Cryptic messages are making people draw their own conclusions as to what the
issue is.

 _> We do not condone or support Canonical in the course of action they have
chosen, and will not carry XMir patches upstream. - The Management_ [1]

 _> I've said it before, I'll say it again.
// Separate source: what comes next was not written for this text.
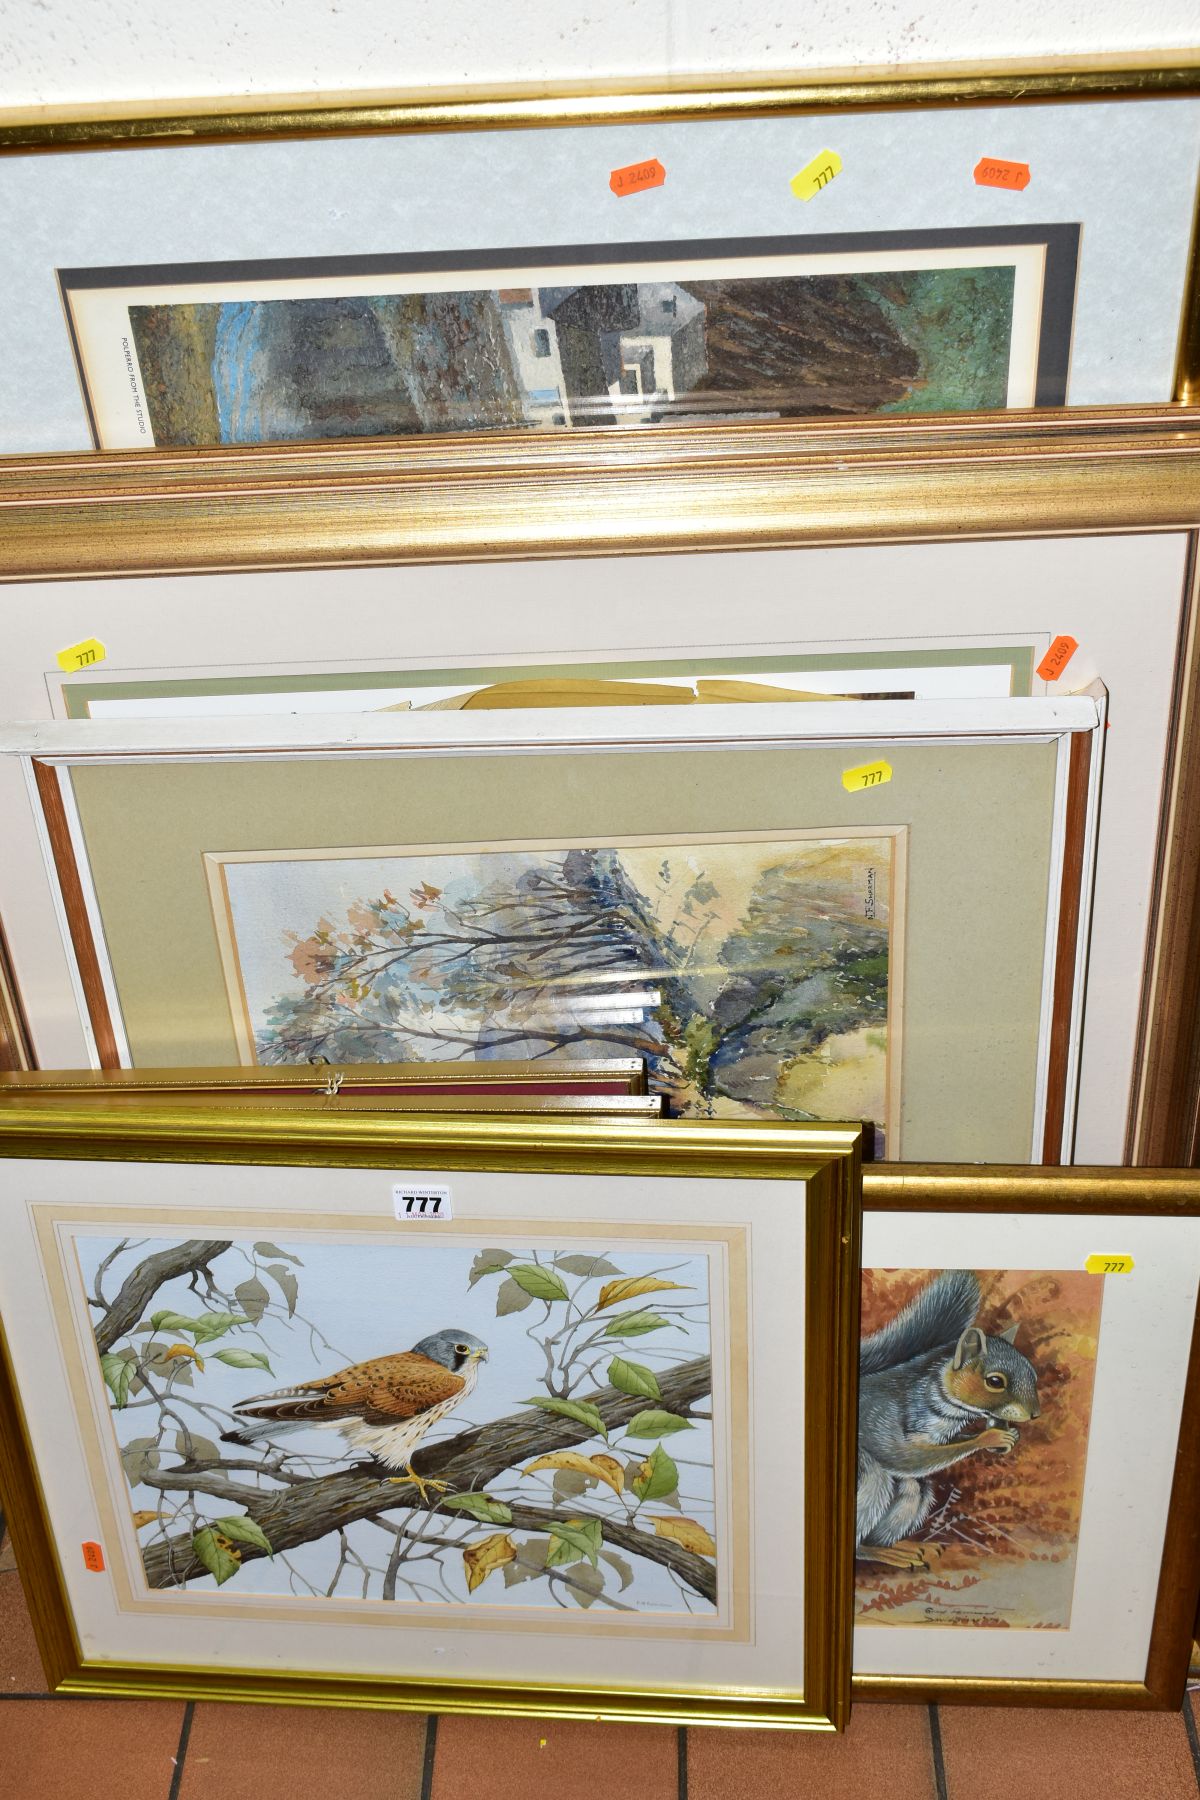 PAINTINGS AND PRINTS ETC, to include a watercolour of a kestrel by Derek Rowson, framed, gray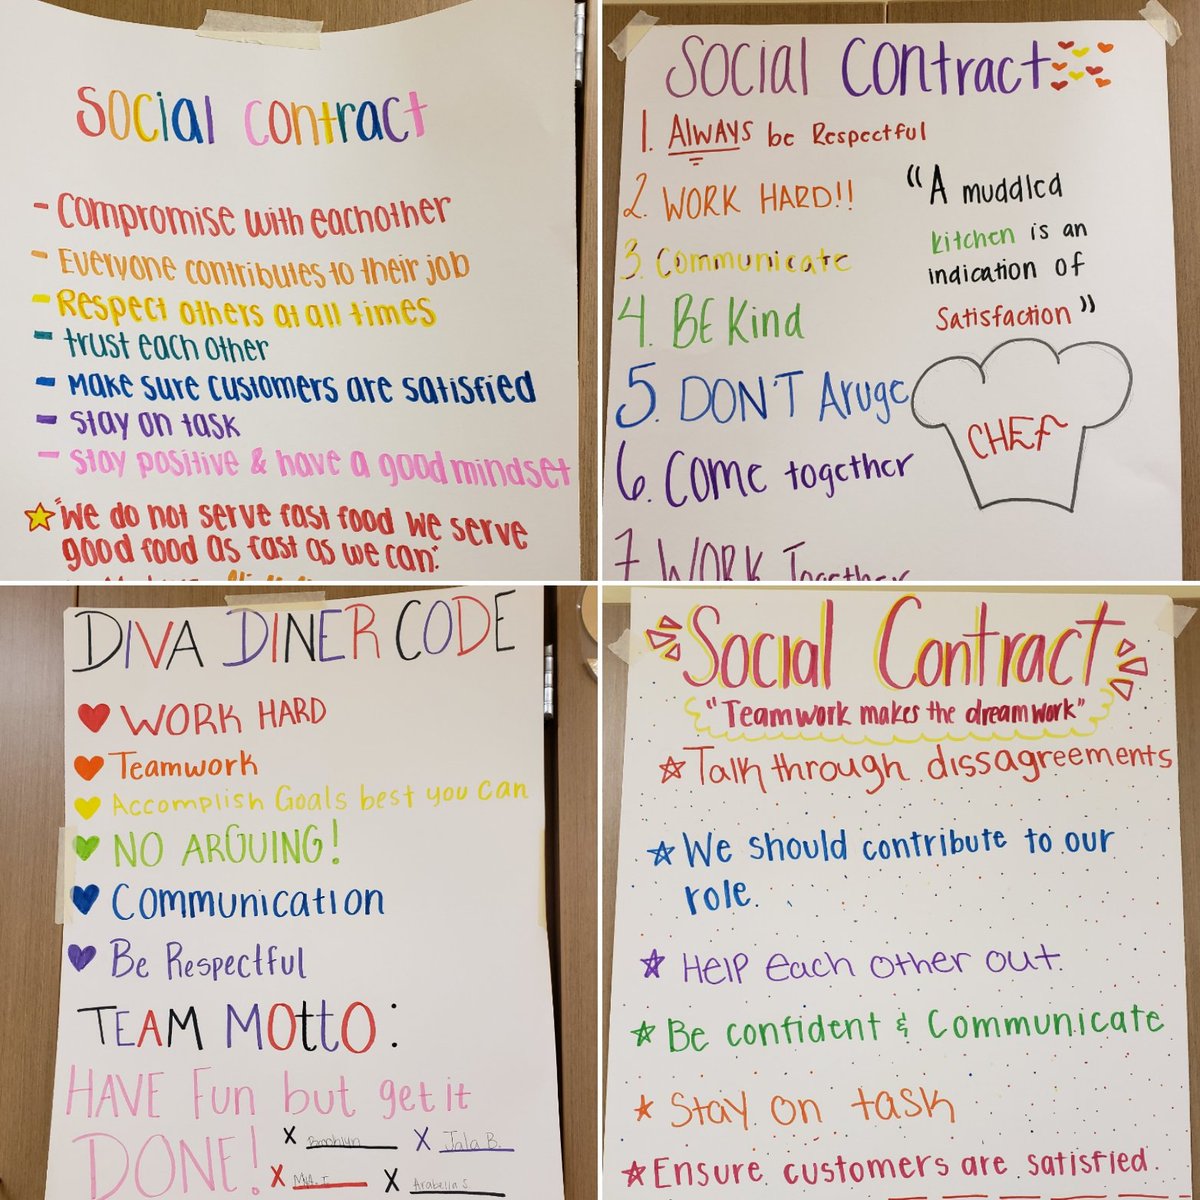 PHS students made social contracts to kick off their first official day as a Restaurant Wars team! @MCJHGators @simmons_kaya #MaydeByPHS #MCJHRestaurantWars #socialcontracts #teamworkmakesthedreamwork

You will not make your open source
project better by pulling another open source project down. - Michael Hall_
[2]

I think we are not seeing the full discussion happen in public light and there
is a lot of guess work happening.

[1] [http://cgit.freedesktop.org/xorg/driver/xf86-video-
intel/com...](http://cgit.freedesktop.org/xorg/driver/xf86-video-
intel/commit/?id=58a7611)

[2]
[https://plus.google.com/109919666334513536939/posts/QzAyr5fo...](https://plus.google.com/109919666334513536939/posts/QzAyr5fo6r9)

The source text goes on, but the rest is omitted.